Layering on this additional rule -- one which would require permission from landlords -- will undoubtedly make the ACMPR a moot point. The complications of insurance, coupled with the dominant discourse that growing cannabis is high risk and dangerous, you can bet that most home owners will deny their tenants the ability to grow.

What's missing from this conversation is an actual assessment of real harms and risk around personal growing. Indeed, we often forget cannabis is just a plant that can be grown in a garden. In reading Susan Boyd and Connie Carter's 2014 book,Killer Weed, we're reminded of how exaggerated concerns around the personal growing of cannabis have actually been in Canada.

Boyd was part of the recent Task Force on the Cannabis Legalization and Regulation, as well as an expert witness in the case that led to the introduction of the ACMPR (you can read her affidavit here).

In the book, and in Boyd's affidavit, they look at 15 years of media coverage, and compare it to the evidence of actual harms, including the link of grow operations to firearms, fires, mold and general public safety.

Here's what they found: scholarly research and RCMP data was limited when it came to truly supporting the harms often discussed in media coverage. This includes lack of data on the various associations with organized crime and growing operations, the presence of firearms, the risk of mould, and risk to children and public safety.
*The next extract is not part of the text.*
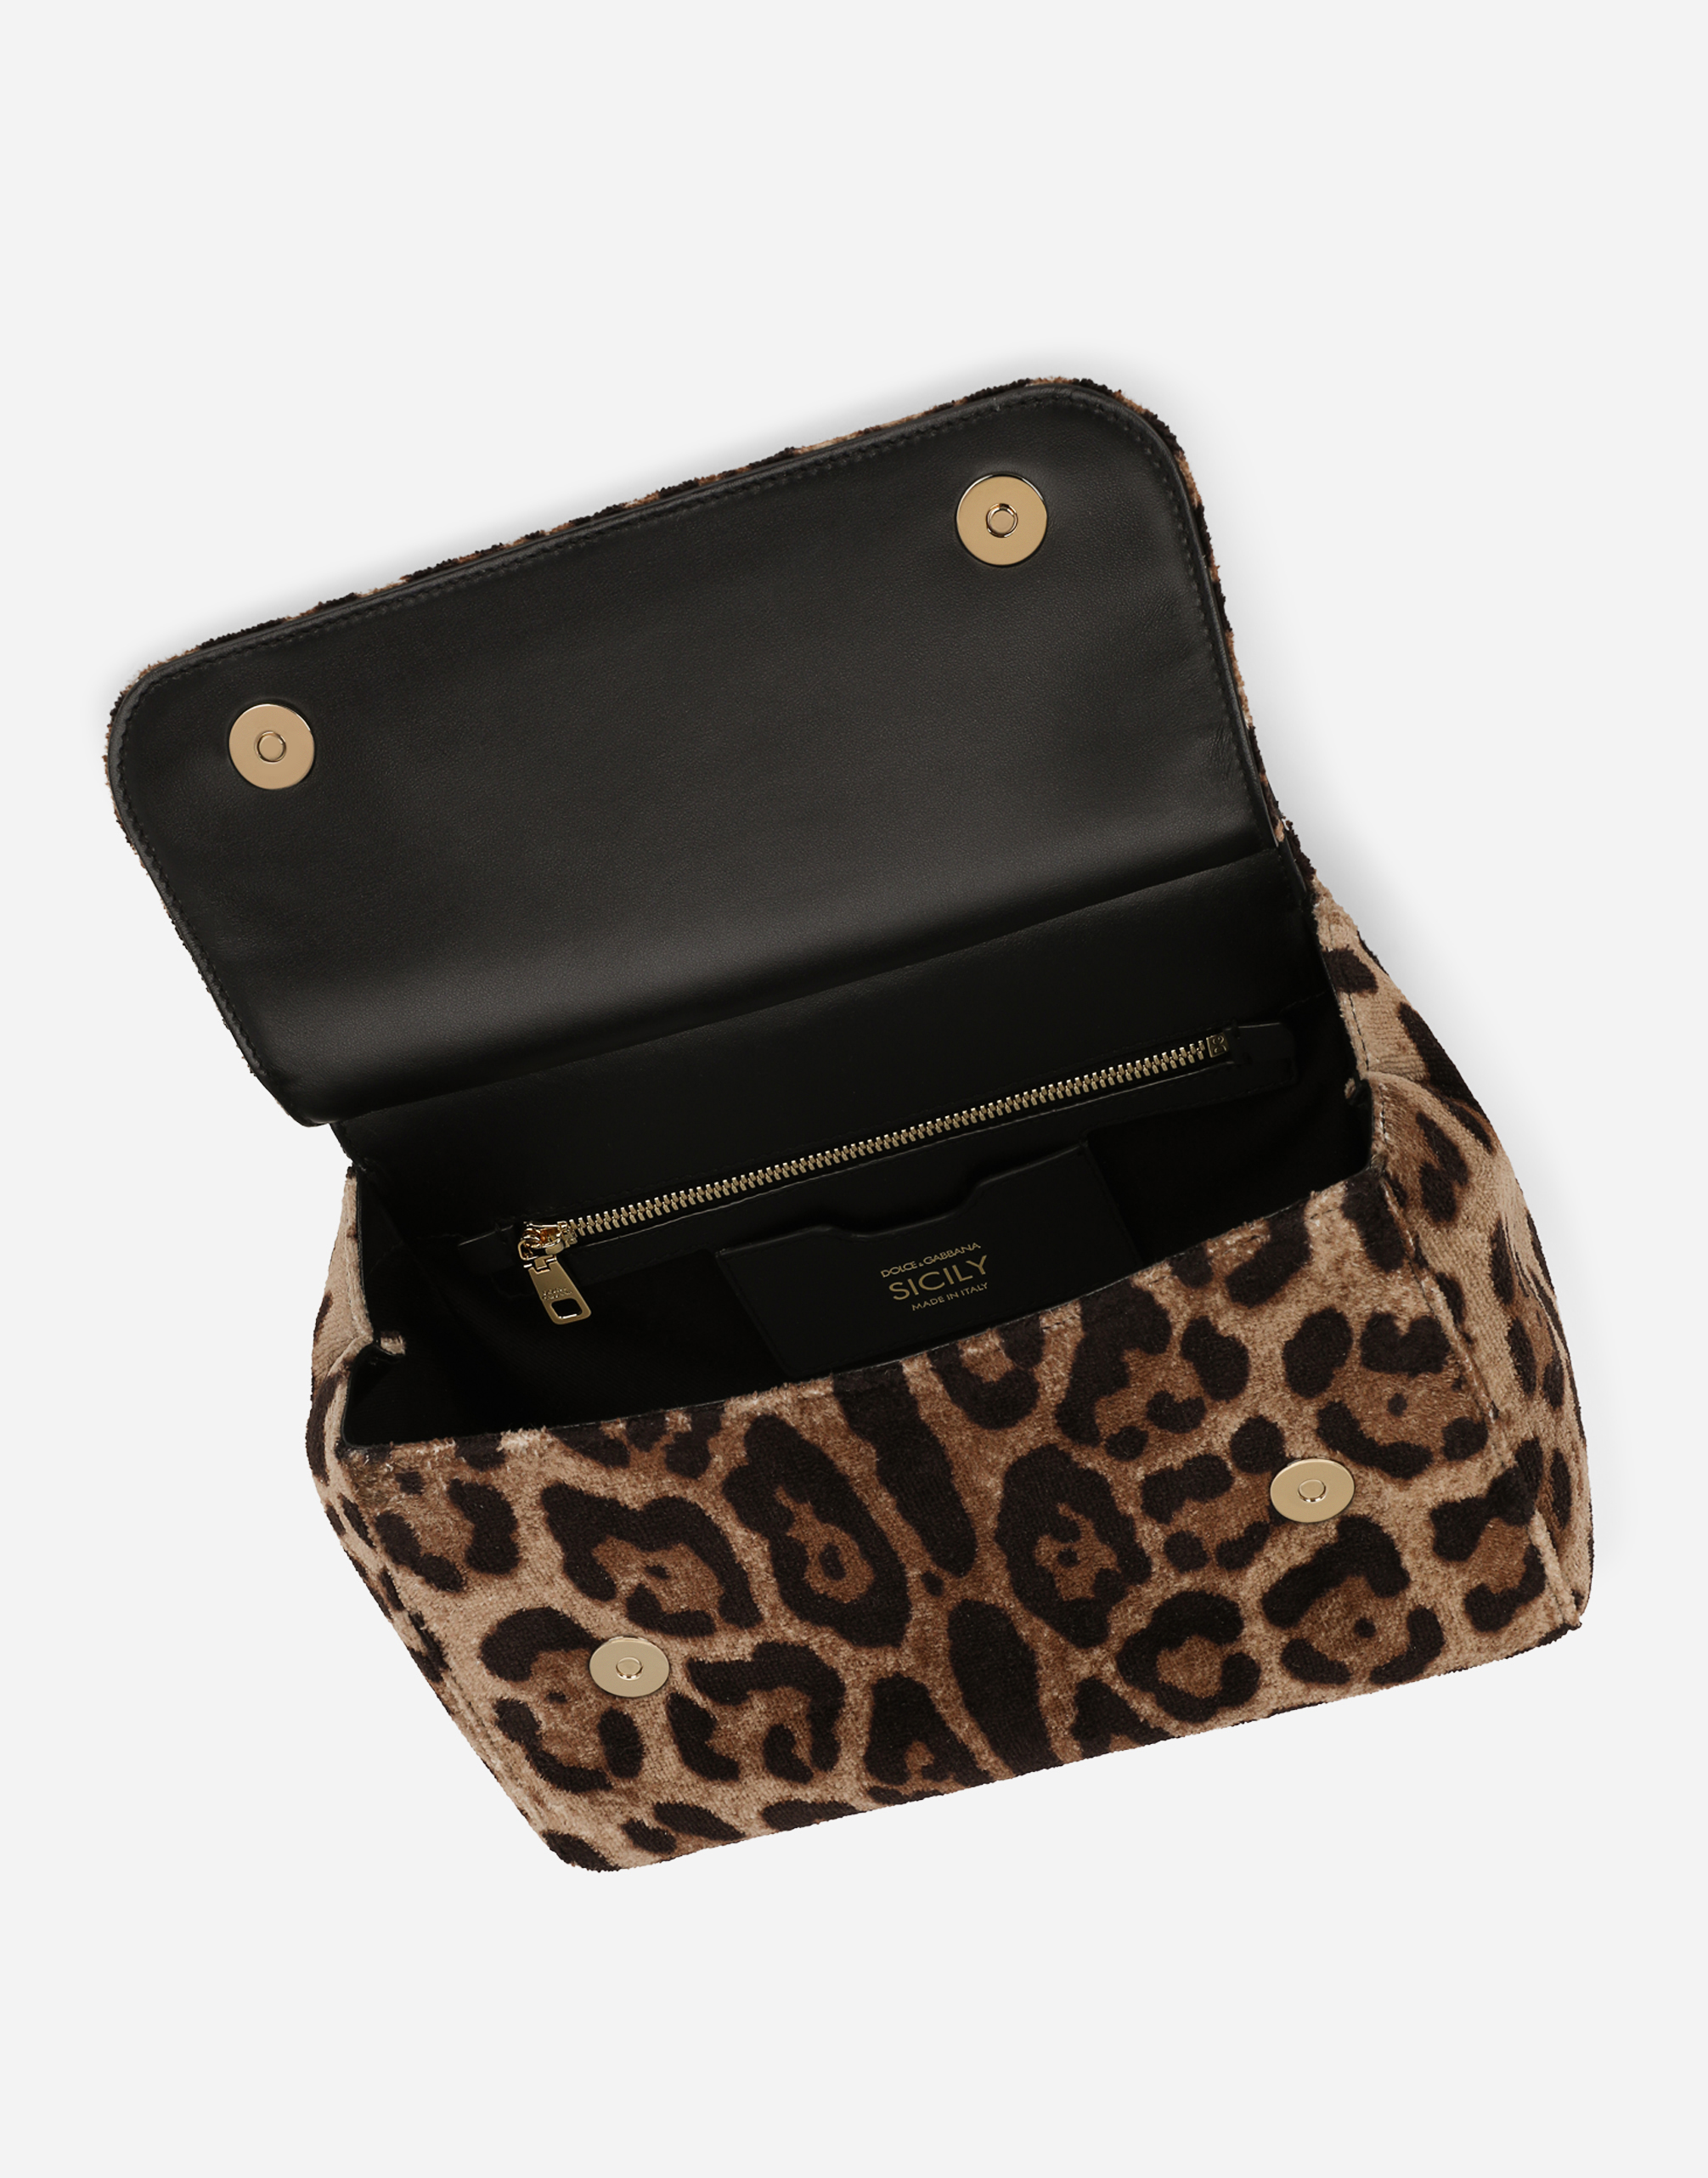 Dolce & Gabbana Leopard Limited Edition Miss Sicily Bag – The

In fact, using this research, the authors demonstrate that much the RCMP data is actually inflated. For example, the RCMP data include all grow operations brought to the RCMP's attention, and not just cases that warranted attention.

We would again be disproportionately affecting people who need that cost relief of growing their own cannabis the most.
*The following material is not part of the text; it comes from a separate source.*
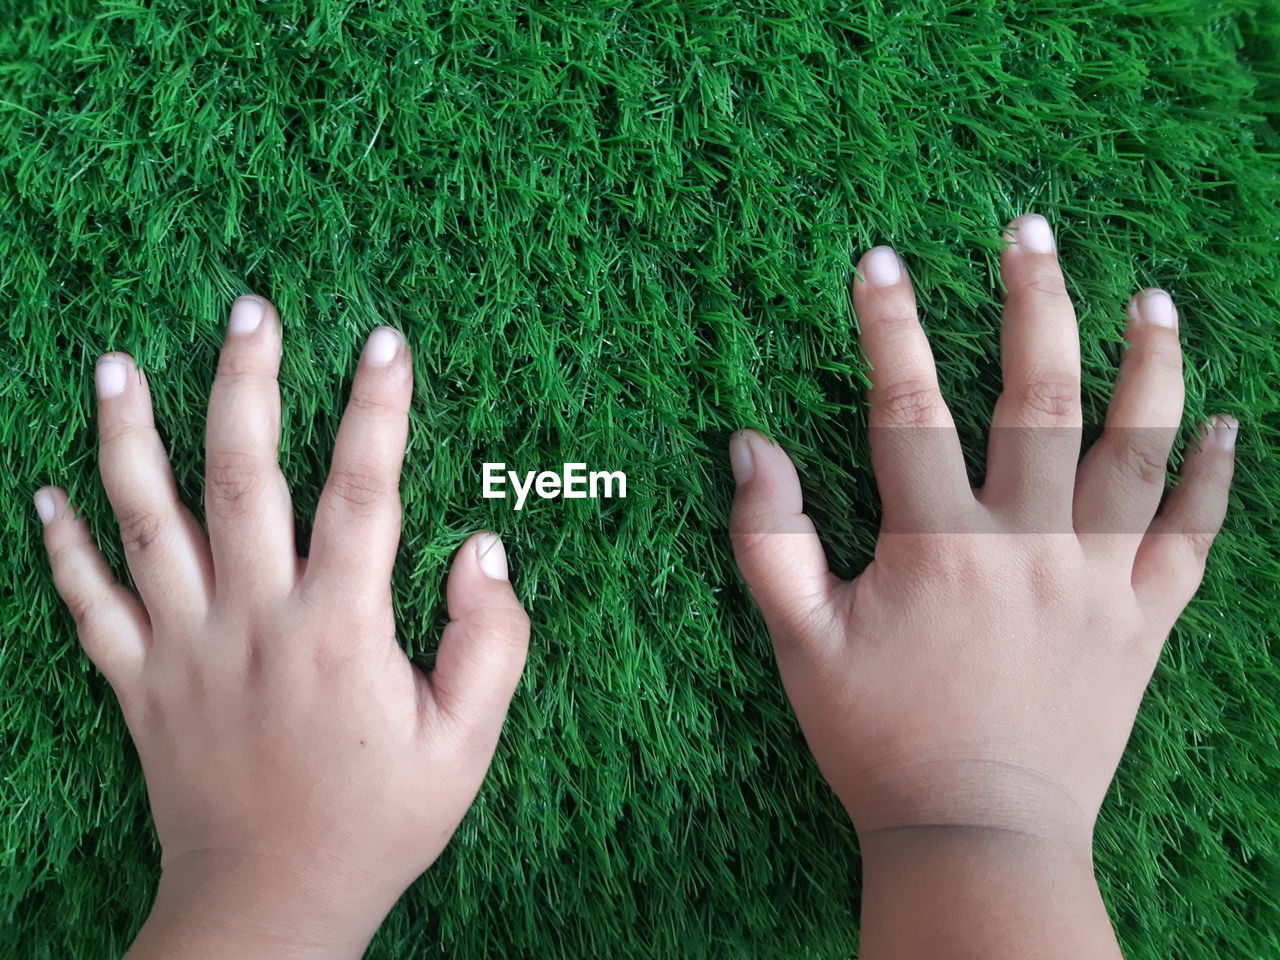 Cropped image of person hand on grass field

Boyd and Carter also paid particular attention to the risk of fire, noting that there was not much evidence that supported the idea that cannabis grow operations increase the rise of fire. One reviewer of the book went as far as to explain that, " ... if politicians and the media were held to the same professional standards as physicians, they would be sued for malpractice."

While to some extent, I believe homeowners should have some say in what happens in their rental properties, this needs to be balanced with the rights of individuals to grow their cannabis for medical purposes and have access to affordable medicine.

This is rooted in a strong public health tradition in Canada. The fact is there are many authorized Canadians that are tied to a low income or disability support, so may not be current or future home owners, particularly when we consider the current housing markets in places like Vancouver.

In a climate where we are hearing about "evidence based" policies and our government's commitment to implementing solutions based on the facts, this bill is anything but that, and plays off of unfounded media panic. What it does mean is that we would again be disproportionately affecting people who need that cost relief of growing their own cannabis the most.

Perhaps the answer lies in a more flexible policy that would allow medical cannabis collectives where individuals can come together and grow in one authorized location outside of the home.

But either way, policy makers need to prioritize the effect these blanket bills have on our most vulnerable Canadians and focus on solutions that include those voices.